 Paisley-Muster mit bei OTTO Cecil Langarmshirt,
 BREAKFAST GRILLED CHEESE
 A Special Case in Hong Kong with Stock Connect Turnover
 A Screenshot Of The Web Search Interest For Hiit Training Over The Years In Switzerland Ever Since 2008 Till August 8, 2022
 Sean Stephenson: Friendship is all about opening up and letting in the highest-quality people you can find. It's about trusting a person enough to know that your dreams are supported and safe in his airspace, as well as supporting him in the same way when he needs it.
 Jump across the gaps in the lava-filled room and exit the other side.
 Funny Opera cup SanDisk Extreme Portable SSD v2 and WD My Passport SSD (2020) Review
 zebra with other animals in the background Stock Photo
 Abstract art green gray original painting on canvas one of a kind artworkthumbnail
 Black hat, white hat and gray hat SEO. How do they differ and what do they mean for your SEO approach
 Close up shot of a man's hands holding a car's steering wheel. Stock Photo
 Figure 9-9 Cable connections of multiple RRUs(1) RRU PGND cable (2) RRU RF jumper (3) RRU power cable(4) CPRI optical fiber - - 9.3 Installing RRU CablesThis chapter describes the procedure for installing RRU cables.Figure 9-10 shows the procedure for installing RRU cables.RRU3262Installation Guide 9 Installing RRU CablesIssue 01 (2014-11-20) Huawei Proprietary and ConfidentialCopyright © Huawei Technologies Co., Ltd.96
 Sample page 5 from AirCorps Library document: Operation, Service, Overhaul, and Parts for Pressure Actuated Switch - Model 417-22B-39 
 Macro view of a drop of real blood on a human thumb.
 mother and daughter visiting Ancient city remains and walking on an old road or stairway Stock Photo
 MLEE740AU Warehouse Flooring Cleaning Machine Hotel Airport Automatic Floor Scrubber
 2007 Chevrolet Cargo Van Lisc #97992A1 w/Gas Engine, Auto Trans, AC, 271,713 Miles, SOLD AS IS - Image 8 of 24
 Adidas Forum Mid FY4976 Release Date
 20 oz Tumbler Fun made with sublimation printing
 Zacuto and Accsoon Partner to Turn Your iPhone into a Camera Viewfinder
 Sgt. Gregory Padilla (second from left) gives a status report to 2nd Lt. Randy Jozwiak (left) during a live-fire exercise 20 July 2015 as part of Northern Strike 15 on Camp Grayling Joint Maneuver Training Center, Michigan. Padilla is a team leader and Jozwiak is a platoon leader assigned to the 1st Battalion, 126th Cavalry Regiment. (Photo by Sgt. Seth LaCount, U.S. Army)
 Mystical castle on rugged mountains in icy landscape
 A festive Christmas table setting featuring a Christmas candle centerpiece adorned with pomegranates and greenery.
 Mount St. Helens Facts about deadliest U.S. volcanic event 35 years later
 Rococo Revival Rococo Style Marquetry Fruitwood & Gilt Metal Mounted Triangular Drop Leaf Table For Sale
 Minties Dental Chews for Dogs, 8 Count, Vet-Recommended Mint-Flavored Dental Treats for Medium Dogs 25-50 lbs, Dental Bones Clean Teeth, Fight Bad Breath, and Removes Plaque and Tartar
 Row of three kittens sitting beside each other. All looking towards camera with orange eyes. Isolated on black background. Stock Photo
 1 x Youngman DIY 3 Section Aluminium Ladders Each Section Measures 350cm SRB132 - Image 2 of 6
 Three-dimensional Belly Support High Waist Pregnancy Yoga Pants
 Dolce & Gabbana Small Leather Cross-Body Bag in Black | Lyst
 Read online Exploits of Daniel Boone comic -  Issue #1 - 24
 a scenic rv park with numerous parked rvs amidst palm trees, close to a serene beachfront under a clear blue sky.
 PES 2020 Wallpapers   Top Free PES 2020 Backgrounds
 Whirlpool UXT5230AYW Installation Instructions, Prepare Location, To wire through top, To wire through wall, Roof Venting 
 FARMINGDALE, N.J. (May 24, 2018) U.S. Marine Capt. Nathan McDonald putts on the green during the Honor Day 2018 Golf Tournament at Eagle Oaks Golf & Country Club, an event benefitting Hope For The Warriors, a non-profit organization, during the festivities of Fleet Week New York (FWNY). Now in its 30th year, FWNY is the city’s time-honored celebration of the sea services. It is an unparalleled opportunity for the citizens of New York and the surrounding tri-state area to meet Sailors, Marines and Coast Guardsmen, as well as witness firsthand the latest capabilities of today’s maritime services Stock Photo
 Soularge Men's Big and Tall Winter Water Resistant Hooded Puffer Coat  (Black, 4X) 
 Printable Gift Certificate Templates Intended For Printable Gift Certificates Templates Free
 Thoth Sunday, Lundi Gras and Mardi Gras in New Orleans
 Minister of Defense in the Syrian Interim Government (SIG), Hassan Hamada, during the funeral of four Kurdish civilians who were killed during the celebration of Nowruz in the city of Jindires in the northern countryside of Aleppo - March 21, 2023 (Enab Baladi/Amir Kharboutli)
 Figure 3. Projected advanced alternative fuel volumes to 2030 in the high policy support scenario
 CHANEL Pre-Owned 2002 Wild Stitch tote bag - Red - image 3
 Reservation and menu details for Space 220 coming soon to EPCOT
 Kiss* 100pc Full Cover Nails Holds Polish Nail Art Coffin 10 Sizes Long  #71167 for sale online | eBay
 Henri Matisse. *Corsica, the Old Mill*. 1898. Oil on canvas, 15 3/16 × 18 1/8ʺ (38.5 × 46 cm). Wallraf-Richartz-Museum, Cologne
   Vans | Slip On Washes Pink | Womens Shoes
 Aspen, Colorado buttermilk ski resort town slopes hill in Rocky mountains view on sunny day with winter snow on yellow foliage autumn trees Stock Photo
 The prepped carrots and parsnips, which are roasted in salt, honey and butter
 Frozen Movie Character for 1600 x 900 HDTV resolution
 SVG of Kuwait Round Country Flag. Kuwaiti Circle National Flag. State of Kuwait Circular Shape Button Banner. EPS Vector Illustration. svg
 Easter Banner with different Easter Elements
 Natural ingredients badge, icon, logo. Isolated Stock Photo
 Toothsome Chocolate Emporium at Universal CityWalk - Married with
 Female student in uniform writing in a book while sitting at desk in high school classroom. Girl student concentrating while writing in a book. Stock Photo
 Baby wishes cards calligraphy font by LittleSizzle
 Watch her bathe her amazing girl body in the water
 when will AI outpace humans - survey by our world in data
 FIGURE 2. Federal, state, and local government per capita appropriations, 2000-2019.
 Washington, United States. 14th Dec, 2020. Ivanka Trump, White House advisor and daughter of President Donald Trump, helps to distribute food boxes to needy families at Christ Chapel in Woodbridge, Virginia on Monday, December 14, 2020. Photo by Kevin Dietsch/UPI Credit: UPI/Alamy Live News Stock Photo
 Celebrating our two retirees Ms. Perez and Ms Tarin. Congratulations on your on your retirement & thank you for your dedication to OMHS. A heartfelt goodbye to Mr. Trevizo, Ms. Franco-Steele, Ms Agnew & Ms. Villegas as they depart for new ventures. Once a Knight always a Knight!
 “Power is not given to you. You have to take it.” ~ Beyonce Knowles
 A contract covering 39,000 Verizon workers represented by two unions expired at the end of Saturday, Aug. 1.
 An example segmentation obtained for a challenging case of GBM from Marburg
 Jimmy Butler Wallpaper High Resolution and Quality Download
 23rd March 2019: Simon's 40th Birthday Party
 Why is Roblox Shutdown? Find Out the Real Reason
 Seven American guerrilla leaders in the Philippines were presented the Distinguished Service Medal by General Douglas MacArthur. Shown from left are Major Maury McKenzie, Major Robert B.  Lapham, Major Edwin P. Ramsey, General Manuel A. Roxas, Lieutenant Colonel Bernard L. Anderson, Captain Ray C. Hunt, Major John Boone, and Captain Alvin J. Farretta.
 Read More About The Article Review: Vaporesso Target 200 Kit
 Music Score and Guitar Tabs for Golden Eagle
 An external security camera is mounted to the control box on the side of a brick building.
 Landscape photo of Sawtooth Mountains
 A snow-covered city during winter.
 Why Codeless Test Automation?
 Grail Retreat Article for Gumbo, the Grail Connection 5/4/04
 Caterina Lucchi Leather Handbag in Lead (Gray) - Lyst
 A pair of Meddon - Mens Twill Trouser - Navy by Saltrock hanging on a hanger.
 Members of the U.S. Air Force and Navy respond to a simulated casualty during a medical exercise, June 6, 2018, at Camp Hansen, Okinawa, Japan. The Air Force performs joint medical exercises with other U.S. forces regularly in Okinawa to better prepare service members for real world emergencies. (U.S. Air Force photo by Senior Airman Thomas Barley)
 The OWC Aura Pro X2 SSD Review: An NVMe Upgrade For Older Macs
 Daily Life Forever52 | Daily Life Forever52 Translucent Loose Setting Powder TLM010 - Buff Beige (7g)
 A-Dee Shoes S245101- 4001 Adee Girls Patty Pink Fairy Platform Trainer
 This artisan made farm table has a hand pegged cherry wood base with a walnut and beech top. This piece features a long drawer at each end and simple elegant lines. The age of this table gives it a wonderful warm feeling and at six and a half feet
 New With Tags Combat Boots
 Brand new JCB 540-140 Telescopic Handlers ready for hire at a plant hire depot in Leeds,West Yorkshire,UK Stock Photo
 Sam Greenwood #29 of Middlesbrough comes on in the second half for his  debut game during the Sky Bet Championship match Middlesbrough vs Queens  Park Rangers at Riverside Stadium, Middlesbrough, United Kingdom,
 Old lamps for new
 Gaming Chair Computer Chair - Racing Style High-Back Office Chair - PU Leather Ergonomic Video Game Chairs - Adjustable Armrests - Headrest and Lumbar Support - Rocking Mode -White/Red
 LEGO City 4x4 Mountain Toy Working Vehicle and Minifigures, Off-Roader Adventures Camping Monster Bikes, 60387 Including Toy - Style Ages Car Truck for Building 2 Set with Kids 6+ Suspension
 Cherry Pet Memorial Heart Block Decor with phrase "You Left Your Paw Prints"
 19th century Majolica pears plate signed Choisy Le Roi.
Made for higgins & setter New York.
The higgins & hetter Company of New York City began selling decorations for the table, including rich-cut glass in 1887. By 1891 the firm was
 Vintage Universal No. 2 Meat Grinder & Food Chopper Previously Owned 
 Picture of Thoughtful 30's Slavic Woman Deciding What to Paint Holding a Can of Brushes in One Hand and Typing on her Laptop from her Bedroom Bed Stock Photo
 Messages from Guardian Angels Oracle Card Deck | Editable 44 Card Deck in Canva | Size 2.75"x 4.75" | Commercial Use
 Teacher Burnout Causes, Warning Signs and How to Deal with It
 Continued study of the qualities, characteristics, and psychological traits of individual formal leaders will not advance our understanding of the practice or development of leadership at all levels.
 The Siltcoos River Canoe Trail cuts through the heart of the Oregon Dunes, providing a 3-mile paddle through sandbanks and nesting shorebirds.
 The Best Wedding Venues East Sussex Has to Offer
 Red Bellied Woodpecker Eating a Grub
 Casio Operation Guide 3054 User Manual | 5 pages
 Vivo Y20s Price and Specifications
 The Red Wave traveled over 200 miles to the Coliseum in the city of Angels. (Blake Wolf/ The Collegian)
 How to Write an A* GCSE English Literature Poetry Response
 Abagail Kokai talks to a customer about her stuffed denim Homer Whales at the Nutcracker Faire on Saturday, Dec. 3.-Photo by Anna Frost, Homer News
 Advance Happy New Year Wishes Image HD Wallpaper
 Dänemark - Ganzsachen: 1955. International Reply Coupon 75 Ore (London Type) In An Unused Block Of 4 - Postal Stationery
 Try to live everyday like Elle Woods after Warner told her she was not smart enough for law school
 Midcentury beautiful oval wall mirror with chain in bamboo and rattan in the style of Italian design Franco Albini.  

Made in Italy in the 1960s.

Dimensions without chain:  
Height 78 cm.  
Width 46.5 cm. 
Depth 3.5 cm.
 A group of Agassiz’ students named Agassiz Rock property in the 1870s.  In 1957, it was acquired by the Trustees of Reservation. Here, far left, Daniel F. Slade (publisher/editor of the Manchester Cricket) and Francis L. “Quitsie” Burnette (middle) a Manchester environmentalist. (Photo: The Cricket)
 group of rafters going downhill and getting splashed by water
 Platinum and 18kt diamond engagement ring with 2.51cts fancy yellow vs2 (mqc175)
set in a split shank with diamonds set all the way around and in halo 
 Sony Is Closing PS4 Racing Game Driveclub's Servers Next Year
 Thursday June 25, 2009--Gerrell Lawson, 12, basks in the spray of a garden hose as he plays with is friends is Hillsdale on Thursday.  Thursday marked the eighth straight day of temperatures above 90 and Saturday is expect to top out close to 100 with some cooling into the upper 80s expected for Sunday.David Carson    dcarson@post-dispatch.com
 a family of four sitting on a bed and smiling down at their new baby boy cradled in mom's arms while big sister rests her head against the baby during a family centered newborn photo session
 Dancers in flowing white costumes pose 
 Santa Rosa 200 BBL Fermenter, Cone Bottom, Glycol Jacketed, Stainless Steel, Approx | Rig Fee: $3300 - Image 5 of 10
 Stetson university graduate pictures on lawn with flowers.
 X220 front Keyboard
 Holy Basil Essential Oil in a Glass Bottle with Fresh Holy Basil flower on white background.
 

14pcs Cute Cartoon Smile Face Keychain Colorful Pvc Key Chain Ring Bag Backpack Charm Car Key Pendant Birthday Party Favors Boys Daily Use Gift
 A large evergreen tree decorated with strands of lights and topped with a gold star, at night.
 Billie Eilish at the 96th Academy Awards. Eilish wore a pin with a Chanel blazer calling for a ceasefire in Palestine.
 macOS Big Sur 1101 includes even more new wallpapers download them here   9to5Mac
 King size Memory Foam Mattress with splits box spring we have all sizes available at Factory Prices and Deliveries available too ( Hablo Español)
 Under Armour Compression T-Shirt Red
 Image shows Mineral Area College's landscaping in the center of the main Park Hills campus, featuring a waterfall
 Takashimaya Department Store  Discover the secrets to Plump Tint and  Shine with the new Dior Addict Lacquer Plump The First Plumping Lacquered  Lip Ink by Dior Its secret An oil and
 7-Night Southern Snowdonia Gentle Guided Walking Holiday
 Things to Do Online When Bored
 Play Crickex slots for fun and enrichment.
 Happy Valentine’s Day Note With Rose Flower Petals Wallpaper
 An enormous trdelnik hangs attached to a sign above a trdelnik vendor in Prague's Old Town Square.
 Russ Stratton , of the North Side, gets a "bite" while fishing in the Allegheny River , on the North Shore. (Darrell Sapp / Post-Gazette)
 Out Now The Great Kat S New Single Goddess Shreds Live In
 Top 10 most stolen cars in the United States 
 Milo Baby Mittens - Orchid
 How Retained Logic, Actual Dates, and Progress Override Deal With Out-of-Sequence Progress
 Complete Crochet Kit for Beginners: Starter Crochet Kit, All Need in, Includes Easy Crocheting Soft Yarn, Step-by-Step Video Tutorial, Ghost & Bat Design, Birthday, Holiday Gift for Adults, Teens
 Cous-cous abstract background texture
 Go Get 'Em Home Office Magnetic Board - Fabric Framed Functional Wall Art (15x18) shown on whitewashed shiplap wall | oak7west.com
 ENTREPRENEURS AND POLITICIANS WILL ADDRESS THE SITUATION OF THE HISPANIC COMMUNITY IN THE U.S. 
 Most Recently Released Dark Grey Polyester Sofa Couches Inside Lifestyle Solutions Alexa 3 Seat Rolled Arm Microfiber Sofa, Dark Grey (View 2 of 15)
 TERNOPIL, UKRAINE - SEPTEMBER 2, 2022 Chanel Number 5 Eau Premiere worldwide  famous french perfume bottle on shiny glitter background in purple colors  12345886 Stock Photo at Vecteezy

========================================

### [TASK BRIEF]
From the line that has "Celebrating our two" through the line that has "Why is Roblox", copy every line exactly as it appears above, and leave out all others.

### [ANSWER TO THIS TASK]
 Celebrating our two retirees Ms. Perez and Ms Tarin. Congratulations on your on your retirement & thank you for your dedication to OMHS. A heartfelt goodbye to Mr. Trevizo, Ms. Franco-Steele, Ms Agnew & Ms. Villegas as they depart for new ventures. Once a Knight always a Knight!
 “Power is not given to you. You have to take it.” ~ Beyonce Knowles
 A contract covering 39,000 Verizon workers represented by two unions expired at the end of Saturday, Aug. 1.
 An example segmentation obtained for a challenging case of GBM from Marburg
 Jimmy Butler Wallpaper High Resolution and Quality Download
 23rd March 2019: Simon's 40th Birthday Party
 Why is Roblox Shutdown? Find Out the Real Reason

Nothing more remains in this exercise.